Once the women were singled out, they say, the insurer then canceled their policies based on either erroneous or flimsy information. WellPoint declined to comment on the women's specific cases without a signed waiver from them, citing privacy laws.

That tens of thousands of Americans lost their health insurance shortly after being diagnosed with life-threatening, expensive medical conditions has been well documented by law enforcement agencies, state regulators and a congressional committee. Insurance companies have used the practice, known as 'rescission,' for years. And a congressional committee last year said WellPoint was one of the worst offenders.

But WellPoint also has specifically targeted women with breast cancer for aggressive investigation with the intent to cancel their policies, federal investigators told Reuters.

Not only did this seem heartless and unethical, it demonstrated the hypocrisy of WellPoint's leadership.
The revelation is especially striking for a company whose CEO and president, Angela Braly, has earned plaudits for how her company improved the medical care and treatment of other policyholders with breast cancer.

Specifically,
Singling out women with breast cancer for aggressive investigation with the intent of canceling their insurance stands in stark contrast not only to the public image WellPoint cultivates for itself but also to the good work it does for many other policyholders with breast cancer.

WellPoint CEO Braly has taken a strong personal interest in women's health issues. Foremost among them is how to increase services to people with breast cancer.

The company prides itself on being one of the United States' largest corporations with women at the helm. Besides Braly, two high-powered, politically connected women sit on WellPoint's board: Susan Bayh, the wife of retiring Democratic Sen. Evan Bayh of Indiana, and Sheila Burke, who was chief of staff to former Senate Republican leader Bob Dole.

On Braly's initiative, WellPoint has funded groundbreaking studies about the disparities in quality of health care to minority women -- including women with breast cancer.

WellPoint has worked to encourage mammography for at-risk women. Personalized letters -- followed up by phone calls -- are sent to more than 80,000 women between the ages of 52 and 69 if they have not had a mammogram in the past year. The company conducts automated calls for women ages 40 to 69 to make sure they are getting mammograms.

Once diagnosed, WellPoint has set up an 'Breast Cancer Resource Center' for its policyholders to help them 'navigate the complex health care system.'

And in May 2009, WellPoint's charitable foundation, the WellPoint Foundation LLC, provided a grant for the American Cancer Society for its 'Hope Lodges,' which allow cancer patients and family members free lodging and support while receiving care far from home.

The only explanation provided in the article for this behavior was that politically correct concerns about womens' health issues only go so far, money is more important.
Why would WellPoint on the one hand work to improve health care for women with breast cancer while automatically investigating every single woman diagnosed with breast cancer for possible cancellation of their policies?

Karen L. Pollitz, a research professor at the Health Policy Institute at Georgetown University, offers one possible explanation: 'It is important for these companies' profit margins that they get rid of policyholders with expensive diseases,' she said.

I would add also that these profit margins provide the excuses for baronial compensation for the company's top executives. 

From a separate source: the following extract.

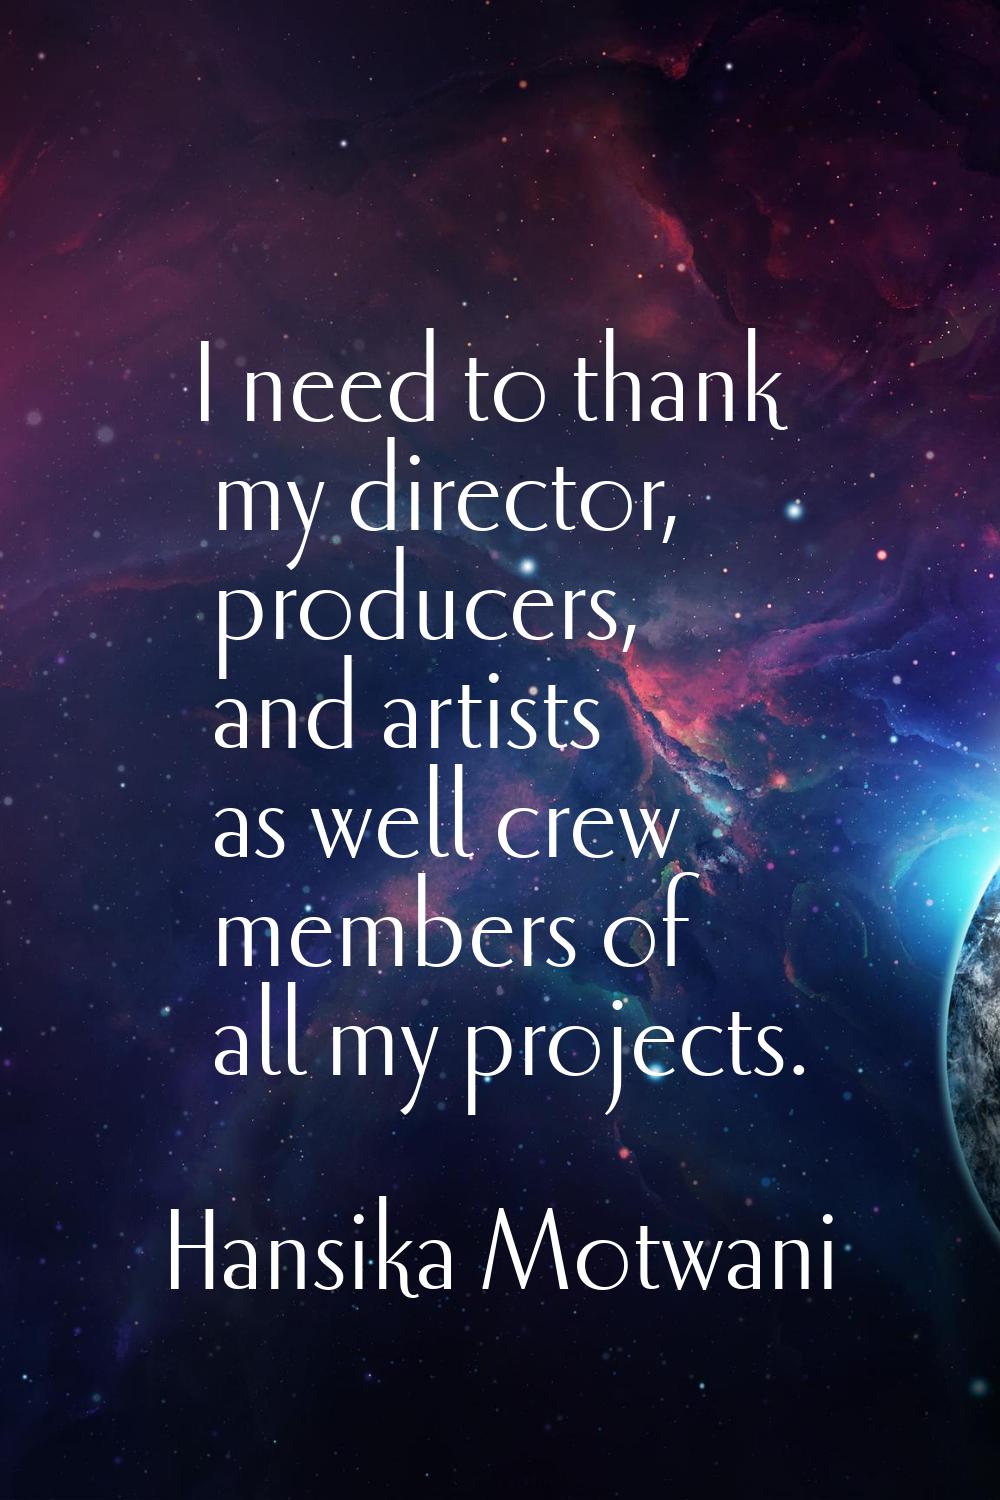 I need to thank my director, producers, and artists as well crew members of all my projects.

Parenthetically, the article also noted that WellPoint had lobbied against provisions in the health care reform bill that might have threatened its ability to retrospectively cancel insurance policies after their holders got sick:
Many critics worry the new law will not lead to an end of these practices. Some state and federal regulators -- as well as investigators, congressional staffers and academic experts -- say the health care legislation lacks teeth, at least in terms of enforcement or regulatory powers to either stop or even substantially reduce rescission.

'People have this idea that someone is going to flip a switch and rescission and other bad insurance practices are going to end,' says Peter Harbage, a former health care adviser to the Clinton administration. 'Insurers will find ways to undermine the protections in the new law, just as they did with the old law. Enforcement is the key.'

During the recent legislative process for the reform law, however, lobbyists for WellPoint and other top insurance companies successfully fought proposed provisions of the legislation. In particular, they complained about rules that would have made it more difficult for the companies to fairly -- or unfairly -- cancel policyholders.

For example, an early version of the health care bill passed by the House of Representatives would have created a Federal Office of Health Insurance Oversight to monitor and regulate insurance practices like rescission. WellPoint lobbyists pressed for the proposed agency to not be included in the final bill signed into law by the president.

They also helped quash proposed provisions that would have required a third party review of its or any other insurance company's decision to cancel a customer's policy.

Furthermore, an article on the Huffington Post noted that a former WellPoint executive seems to have written a good part of the health care reform legislation:
As Marcy Wheeler reported last year, the Senate Finance Committee bill was written by former WellPoint VP Liz Fowler, who left her position at the insurance company in February 2009 expressly for the purpose of helping the committee to draft the health care bill.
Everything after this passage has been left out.